A function is some code that takes some inputs (arguments) and calculates a value (the return value).  It's essentially a reusable tool in your code.  Sometimes you'll use the tools of others, by using functions from other modules; and sometimes, you'll make your own tools.

Functions organize code, make it more testable, and can reduce the overall amount of code that needs to be written.

When you write a function, you state the arguments (input) you expect, then write the body of the function that calculates the value, then you write the return value.  Here's a function that appends an s to its argument.

In [None]:
def add_an_s(my_input): # header
    # Returns the input with an 's' added to the end
    new_string = my_input + 's'
    return new_string

print(add_an_s('example') + '!')


* def add_an_s(my_input): indicates we're defining the add_an_s function, and that it should take a single argument my_input.  (This line is called the function "header.")

* It's typical to add a comment after the function header that describes what the function does.

* The lines that follow are indented and do some computation with the arguments.

* The instruction "return [value]" defines what the function will evaluate to when it is called.

## Why functions?

Without functions, if you want to do the same thing a little bit differently elsewhere in your code, you have to write it all over again.  This makes the code longer and more bug-prone, because you might make a mistake in copying or changing the code.  Functions let you reuse code in a more maintainable way.


Let's do another example with more arguments.

In [None]:
def count_matches(to_match, my_list):
  # Counts how many times to_match appears in my_list
  count = 0
  for m in my_list:
    if to_match == m:
      count += 1
  return count

print(count_matches(5, [5, 6, 7, 5]))
print(count_matches("foo", ["foo","bar","baz"]))

* This function has two arguments because it needs to know two things:  what to match, and the list to look in.

* Notice how there's a variable "count" that is intended from the beginning to be the return value.

* Notice how functions can still contain indentation that reflects their structure, despite everything being indented for the function.

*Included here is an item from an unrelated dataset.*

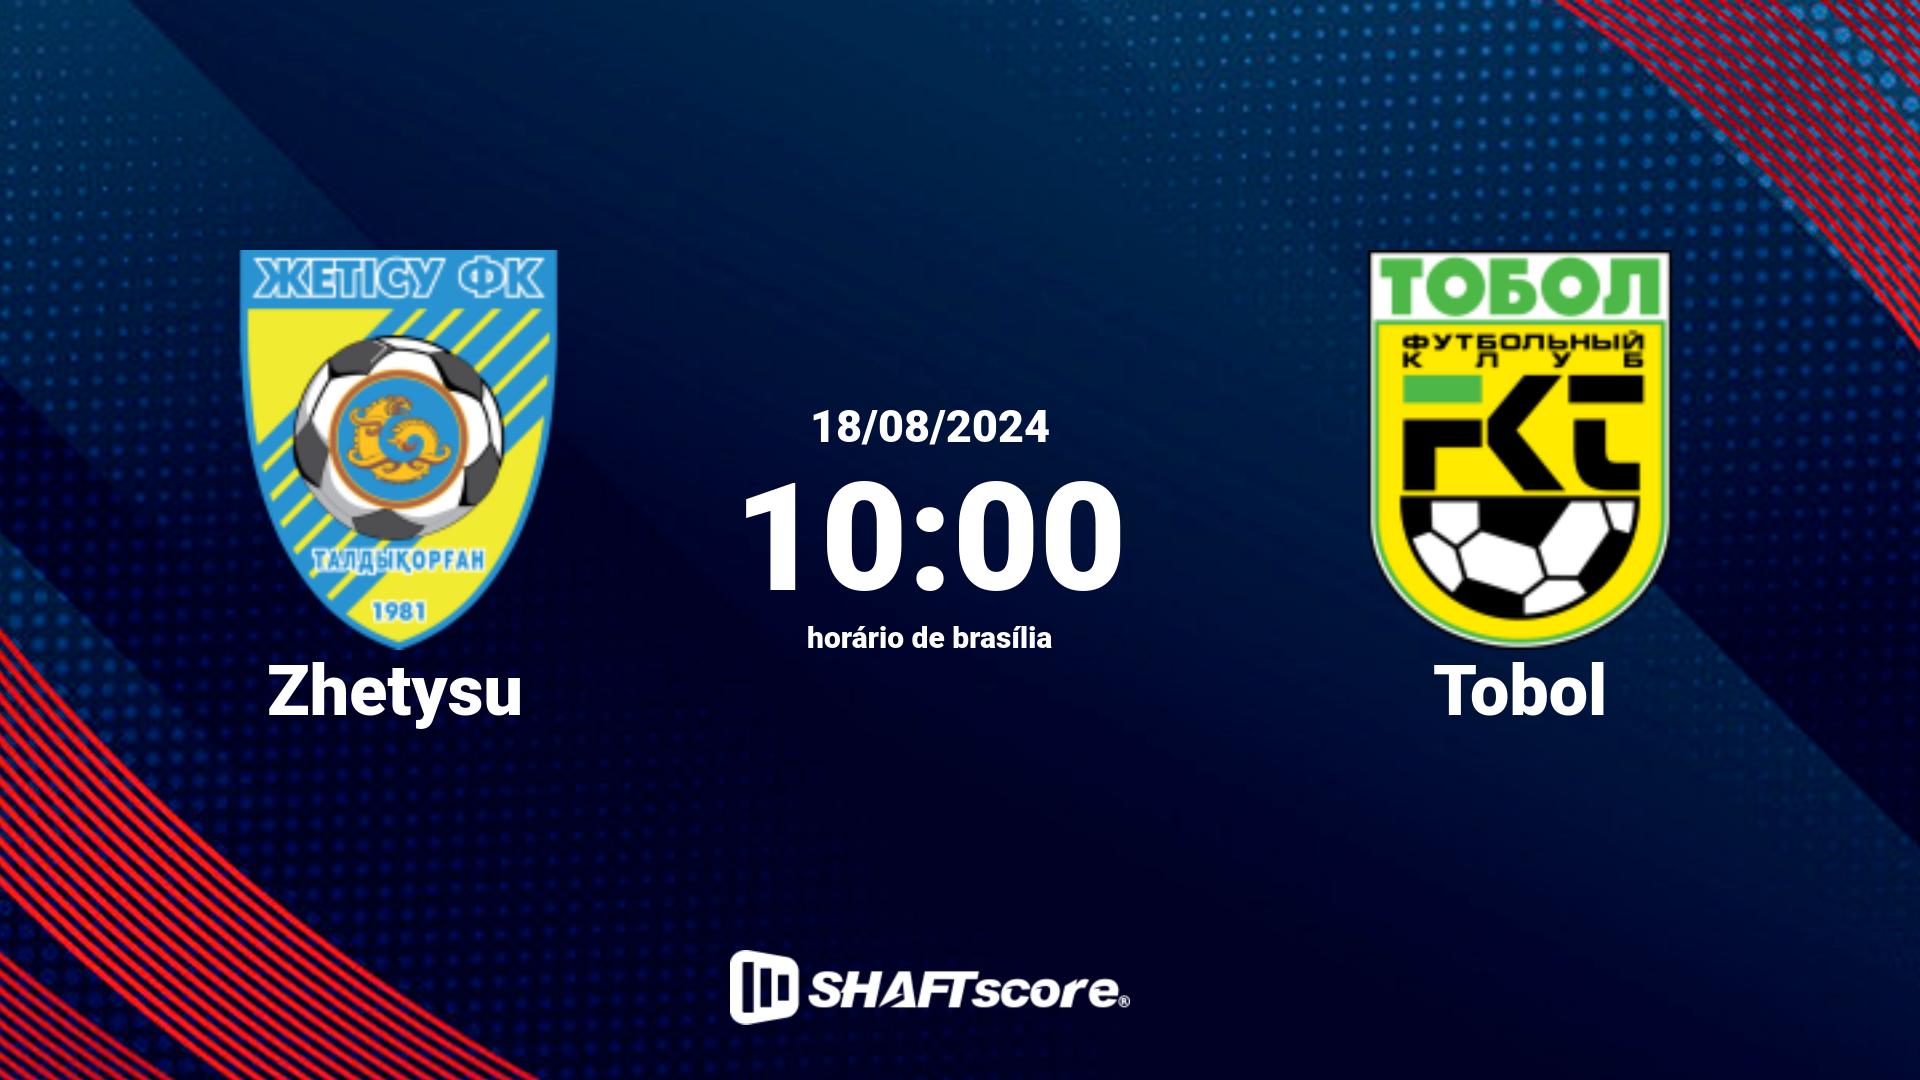 Estatísticas do jogo Zhetysu vs Tobol 18.08 10:00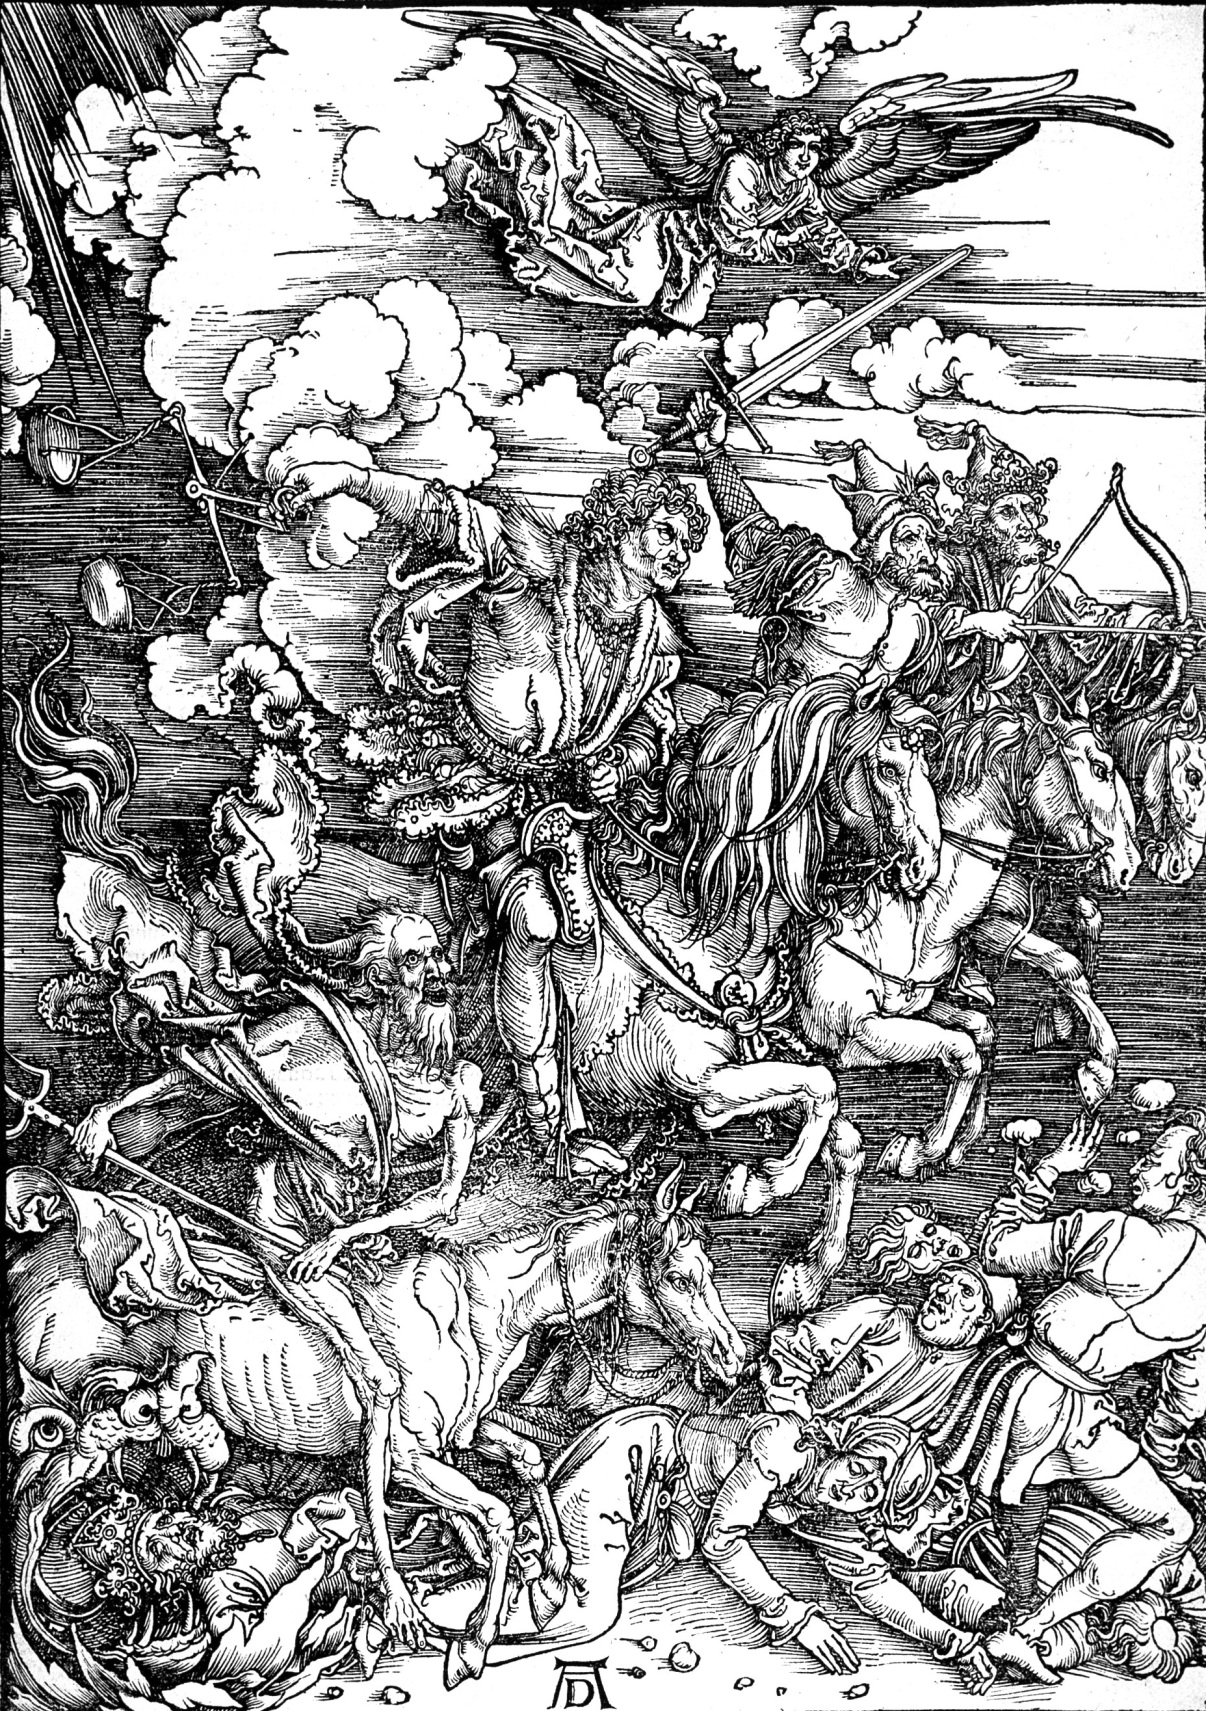 Dürers, Albrecht. Die Offenbarung des Johannes: 4. Die vier apokalyptischen Reiter, 1497-1498.

If a sequence of steps appears repeatedly in the code, that means those steps are a prime candidate for a function - although sometimes functions may exist just to organize the code.

In [None]:
def percent_gain(start, finish):
    return (finish-start)/start * 100

# Dow Industrial Average gains from Jan 3 2022 to Jan 3 2023
print(percent_gain(36585.06, 33147.25))
# S&P 500 Jan 3 2022 to Jan 3 2023
print(percent_gain(4796.56, 3839.50))
# Nasdaq Jan 3 2022 to Jan 3 2023
print(percent_gain(15832.80, 10466.48))

# Exercise (5 min)

Try writing a function as_percent() that takes a float (like 0.1) as an argument and returns a string that is the number as a percentage (like "10.0%").

In [None]:
# TODO

as_percent(0.1) # Expect "10.0%"

# Variations

## No arguments, no return value

Here's an example that takes no arguments at all.  (This is unusual.)  This example also evaluates to None, since it has no return statement.

In [None]:
from datetime import date

def greet_user():
  print("Hello, user!")
  print("Today's date is " + str(date.today()))

greet_user()
#print(greet_user()) # print to see it evaluates to None

A simple statement of "return" returns from the function with a value of None, but it's optional since the function will return with a "None" value without it as well.

In [None]:
def greet_user():
  print("Hello, user!")
  print("Today's date is " + str(date.today()))
  return

print(greet_user())
#greet_user()

## Multiple return values

It's possible for a function to have multiple return values.  The return statement should separate the different return values with commas, and where the function is called, comma-separated variables can have these multiple values assigned to them.  (The program thinks of the return value as a single tuple.)

In [None]:
def longest_customer_name(list_of_names):
    # Find the longest customer name, and how long it is
    # (maybe so we can display the names nicely later)
    longest_len = 0
    longest_name = ""
    for n in list_of_names:
        if len(n) > longest_len:
            longest_len = len(n)
            longest_name = n
    return longest_name, longest_len

name, length = longest_customer_name(['Alice', 'Bob', 'Cassia'])
print(name)
print(length)

*On the plane to the Democratic Republic of Congo, Cynthia repeatedly checked her phone for messages from Kathleen.  Nothing, nothing, nothing.*

*Until, finally - a message!  From Kathleen!  Cynthia opened it and ... "What is this crazy nonsense you sent me???" Kathleen wrote.  "What am I even looking at???"*

*Maybe I could have done more to organize my code, Cynthia thought ruefully.  Having my hard work dismissed as nonsense ... kind of sucks.*

## Multiple return statements

There could be multiple points in the function with return statements, although it's considered stylistically preferable for there to be just one return statement if possible.  As soon as the return statement is reached and evaluated, the function quits, and any lines further down aren't evaluated.

In [None]:
def count_items(lst):
    # Count items but return None if the list is empty
    if (len(lst) == 0):
        print('Warning: empty list passed to count_items!')
        return None
    print("We don't get here with an empty list")
    return len(lst)

count_items([])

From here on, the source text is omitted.